Le test a été fait de la sorte suivante : pour chaque « scène », j’ai fait une photo au Sony, (en RAW) avec le cadrage qui me semblait le plus adapté, généralement en priorité ouverture, à f/8.0 et 100 iso. Ensuite j’ai dégainé le smartphone et fait une photo en jpeg en mode « auto » (HDR activé / AI désactivée), une photo à l’ultra grand angle si ça me semblait pertinent, une photo en 64 mégapixels (3è capteur) et une photo en mode « pro » pour pouvoir faire un fichier RAW. Sur ordinateur ensuite, j’ai « développé » les RAW du mieux possible en fonction de mes compétences, mes goûts et ma vision de la scène lorsqu’elle s’est produite.

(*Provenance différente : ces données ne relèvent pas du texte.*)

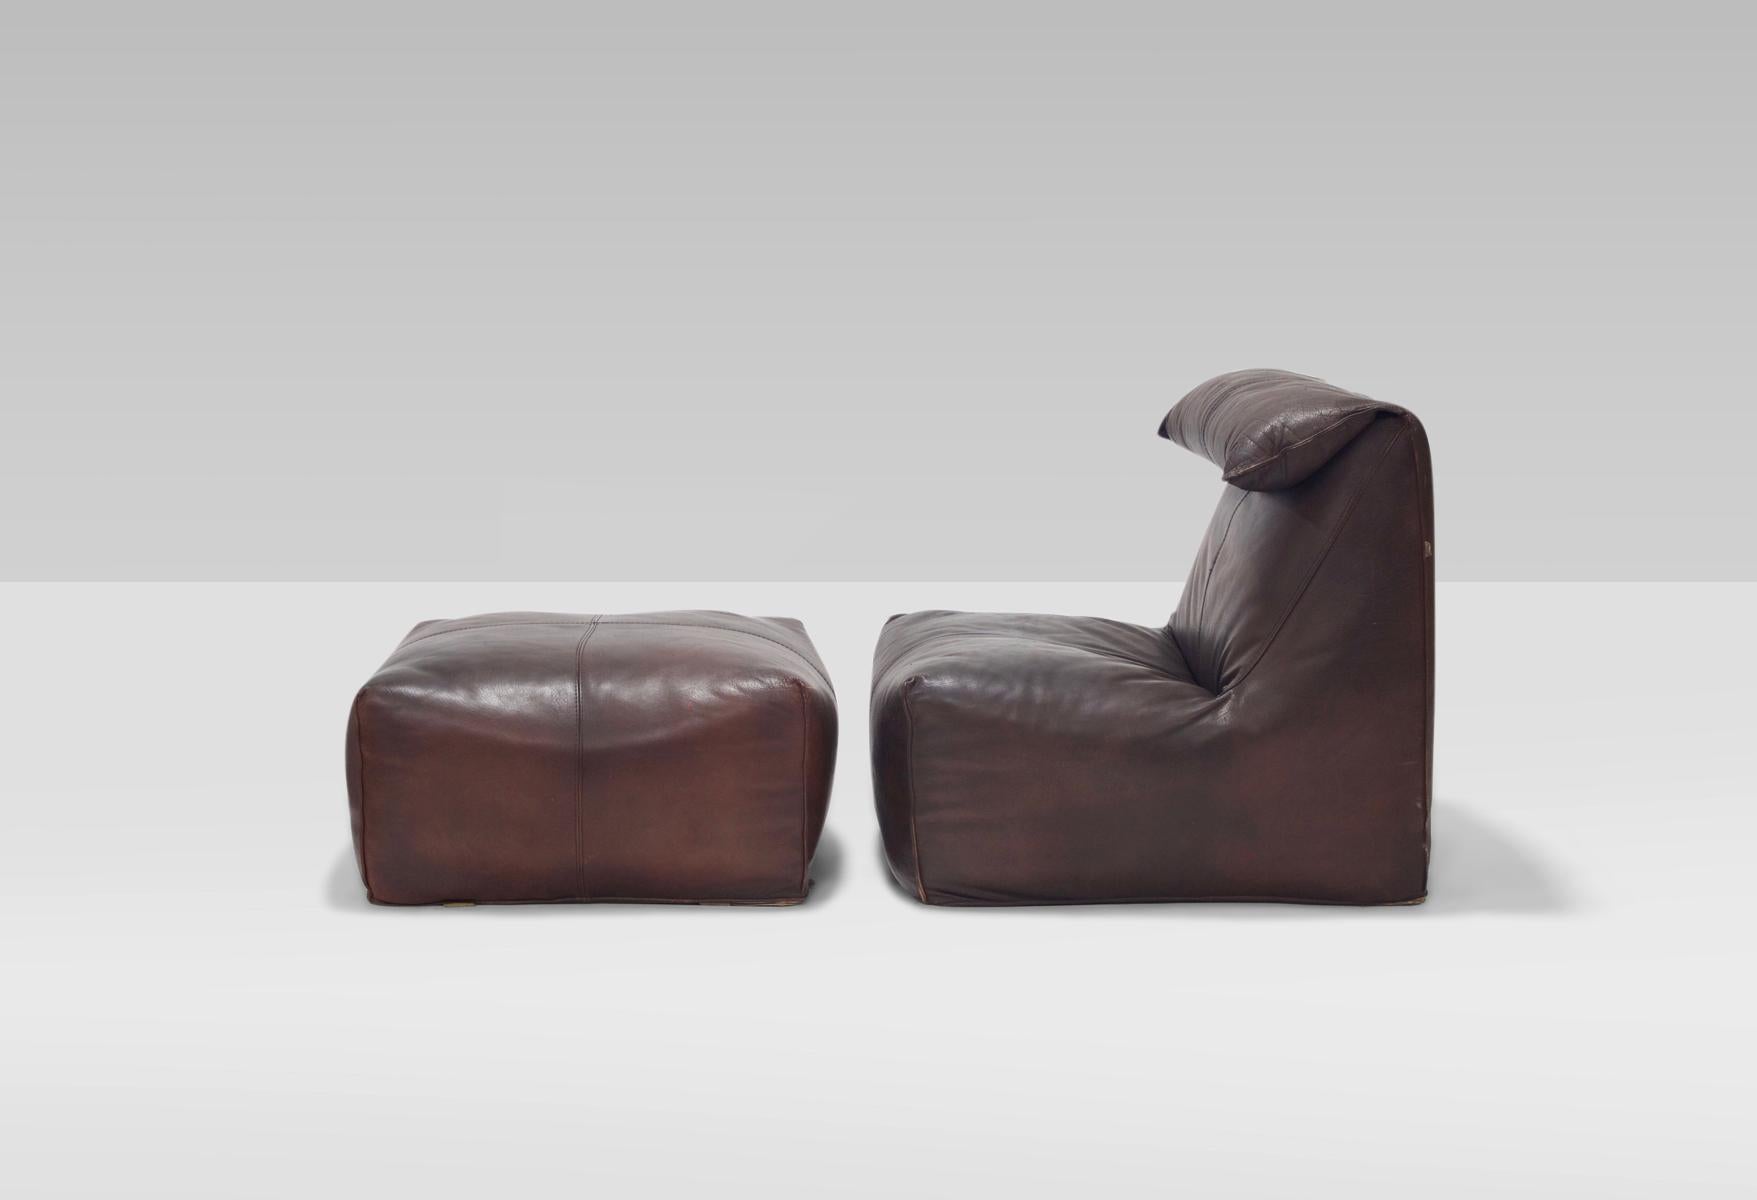 Rarely seen Bellini lounge and ottoman with original thick leather with a nice patina. In very good original condition.

The Bambole series was awarded the Compasso d'Oro in 1979. Le Bambole is included in MoMA's permanent collection.

Pas de trépied, pas de cadrage « strictement identique », j’ai fait « du mieux possible en conditions réelles » afin de reproduire l’usage qu’on aurait de l’une ou l’autre des solutions… c’est aussi plus simple pour moi en rando 😉
Pour simplifier la comparaison, je vous recommande de cliquer sur les images pour les ouvrir dans des onglets différents et de passer d’un onglet à l’autre pour comparer.
Place aux photos :
Télécharger le RAW du S20+ (DNG)
Analyse de cette première série de photos :
Les JPEG Samsung souffrent selon moi de plusieurs gros défauts :
- le lissage à la truelle, particulièrement visible dès qu’on regarde l’image en zoom 1:1, ça transforme toutes les herbes en taches de peintures façon impressionniste
- le renforcement (sharpen) très très accentué pour compenser le manque de netteté des objectifs
- Ces 2 points rendent le mode 64 mégapixels frustrant : il y a bien un apport de résolution, mais il est totalement noyé dans le rendu impressionniste du jpeg… et ce mode n’est pas accessible en RAW 🙁
- les couleurs sursaturées, c’est flatteur au départ, par exemple sur l’eau dans les photos du dessus, mais les ciels bleus virent au cyan irréel, l’herbe est aussi très très claquante. Pas forcément désagréable mais pas très représentatif de la réalité.
Il y a quand même pas mal de bonnes surprises :
- En vue juste « plein écran » sur un écran pas trop grand/défini (ou vu de loin) les images fournies sont assez sympa, très flatteuses, en terme de saturation et de piqué apparent
- le HDR se débrouille bien pour ne pas cramer les nuages, ce qui arrive systématiquement sur les smartphones qui n’ont pas ces fonctions car les petits capteurs ont du mal à encaisser les écarts de dynamique correctement.
- Les RAW ont pas mal de latitude de traitement : si on n’a pas surexposé à la prise de vue pour conserver des détails dans les hautes lumières, le débouchage des ombres fonctionne plutôt bien. On a toute liberté ensuite d’ajouter finement de la saturation et de l’accentuation sans transformer les images en peinture impressionniste ! Quel regret de ne pas pouvoir faire de RAW avec le capteur ultra grand angle ni celui de 64 mégapixels (pour le grand angle ça semble possible via une autre application, OpenCamera, mais je ne le savais pas avant de faire le test / pour le 64 mégapixels, dans l’immédiat rien à faire même avec les applications tierces).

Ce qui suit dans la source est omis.